The state flag, Port Angeles city flag and Mutsu City, Japan flag are displayed to the observer’s right. Mutsu City has been Port Angeles’ sister city since 1995 and the two governments have a mutual agreement to fly the other’s flag.

Bruch, a former senior planner for the Lower Elwha Klallam Tribe, said the city of Port Angeles had flown the tribe’s flag outdoors but that flag has become tattered.

Bruch said she received permission from the tribe to display a new flag at City Hall.

“We’re ecstatic,” Lower Elwha Klallam Tribal Chairwoman Frances Charles said Wednesday.

Charles said the council action builds on a partnership that “really sets a precedent for collaborations.”

“We are excited about it,” Charles said.

Two weeks ago, the City Council voted 7-0 to change the name of West End Park to Pebble Beach Park in both English and Klallam languages.

Bruch suggested that the city display the tribe’s flag during her council report near the end of March 19 meeting, which was extended past 10 p.m.

Bruch apologized for her timing in a March 25 email to Moran and Kidd, who had objected to the mayor’s handling of the previous meeting.

On Tuesday, Moran and Kidd each said they embraced the tribe and the growing partnership but raised concerns about Bruch’s proposal to display the flag.

“I would suggest that an appropriate place for the Elwha flag might be in front of the Carnegie Museum, where they have a wonderful display of Elwha history,” Moran said. “That, to me, would be an excellent place for it.”

Moran suggested that flags in the council chambers be reserved for jurisdictions that have governance in the city.
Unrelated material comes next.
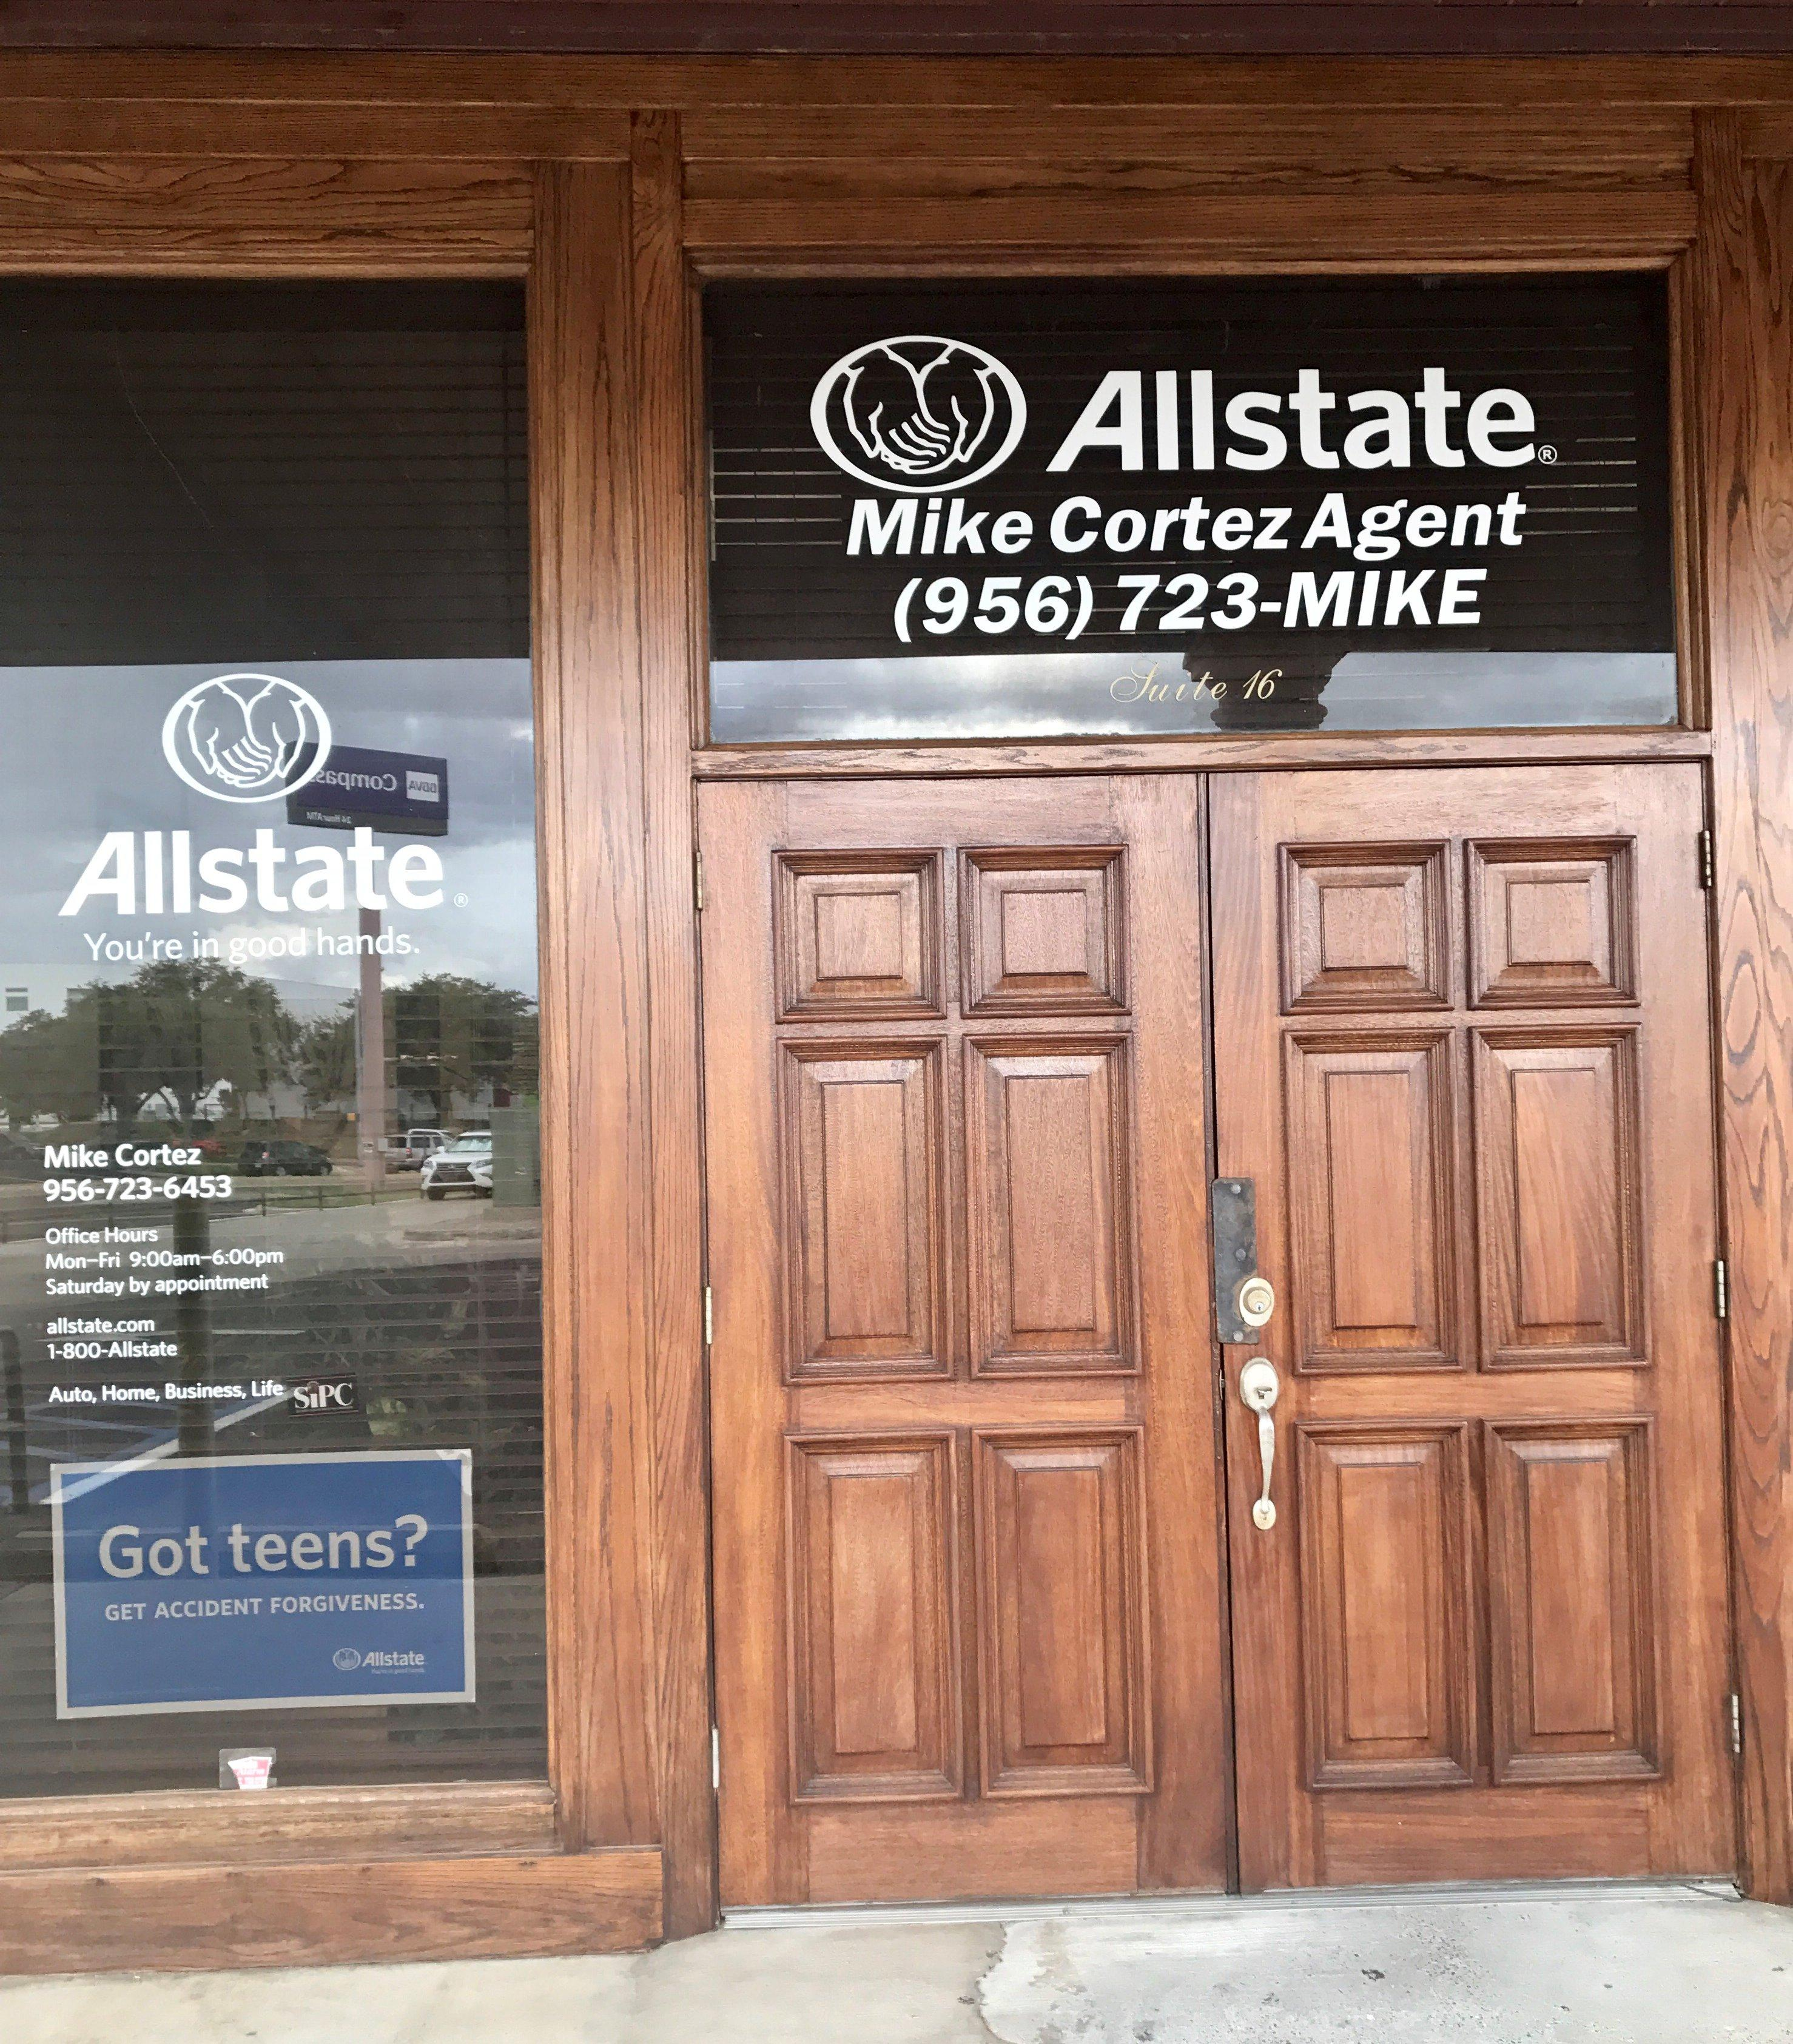 Mike Cortez: Allstate Insurance image 2

He said the addition of the Lower Elwha Klallam flag would be a disservice to other partners, such as the Jamestown S’Klallam Tribe, U.S. Coast Guard, cities of Sequim and Forks, local service organizations, chamber of commerce and Boy Scouts and Girl Scouts.

“If we select one, then I feel that we are insulting other partners that have done great work and also contributed to our city,” Moran said.

Kidd also questioned the exclusivity of adding only the Lower Elwha Klallam flag and described the move as “premature.”

“I would not want to presume that we would expect them to place the city of Port Angles flag on their reservation or in their council chambers to be reciprocal, which to me would be most meaningful, without their invitation and their permission,” Kidd said.

Schromen-Wawrin said there was no requirement for reciprocity in his motion to display the Lower Elwha Klallam flag in the council chambers.

“I do see flying their flag as different than other flags,” Dexter said in the 83-minute council meeting.

“In my mind, it wouldn’t be flying it as a recognition of the partnership so much as it is a recognition of the territory in which we operate.”

French said his concerns about having permission to display the tribe’s flag were addressed by the mayor.

“They were offering to give us the flag,” Bruch said. “I just need to tell them what size.”

City Manager Nathan West said he would make arrangements with the tribe to display a flag in the council chambers.

Schromen-Wawrin said the display is a “sign of respect, a sign of understanding, a sign of our acknowledgement that indigenous people have been here and are here and are not just in a museum.”

“I appreciate the mayor bringing this forward and other council members speaking in favor of it,” Schromen-Wawrin said. “For those council members opposed, I encourage more understanding, whether through books like ‘Shadows of Our Ancestors’ or Lynda Mapes books or just going down to the Tribal Center.

“They have a library, and it’s open every weekday, and there’s a lot of good literature there and people you can talk to,” Schromen-Wawrin added.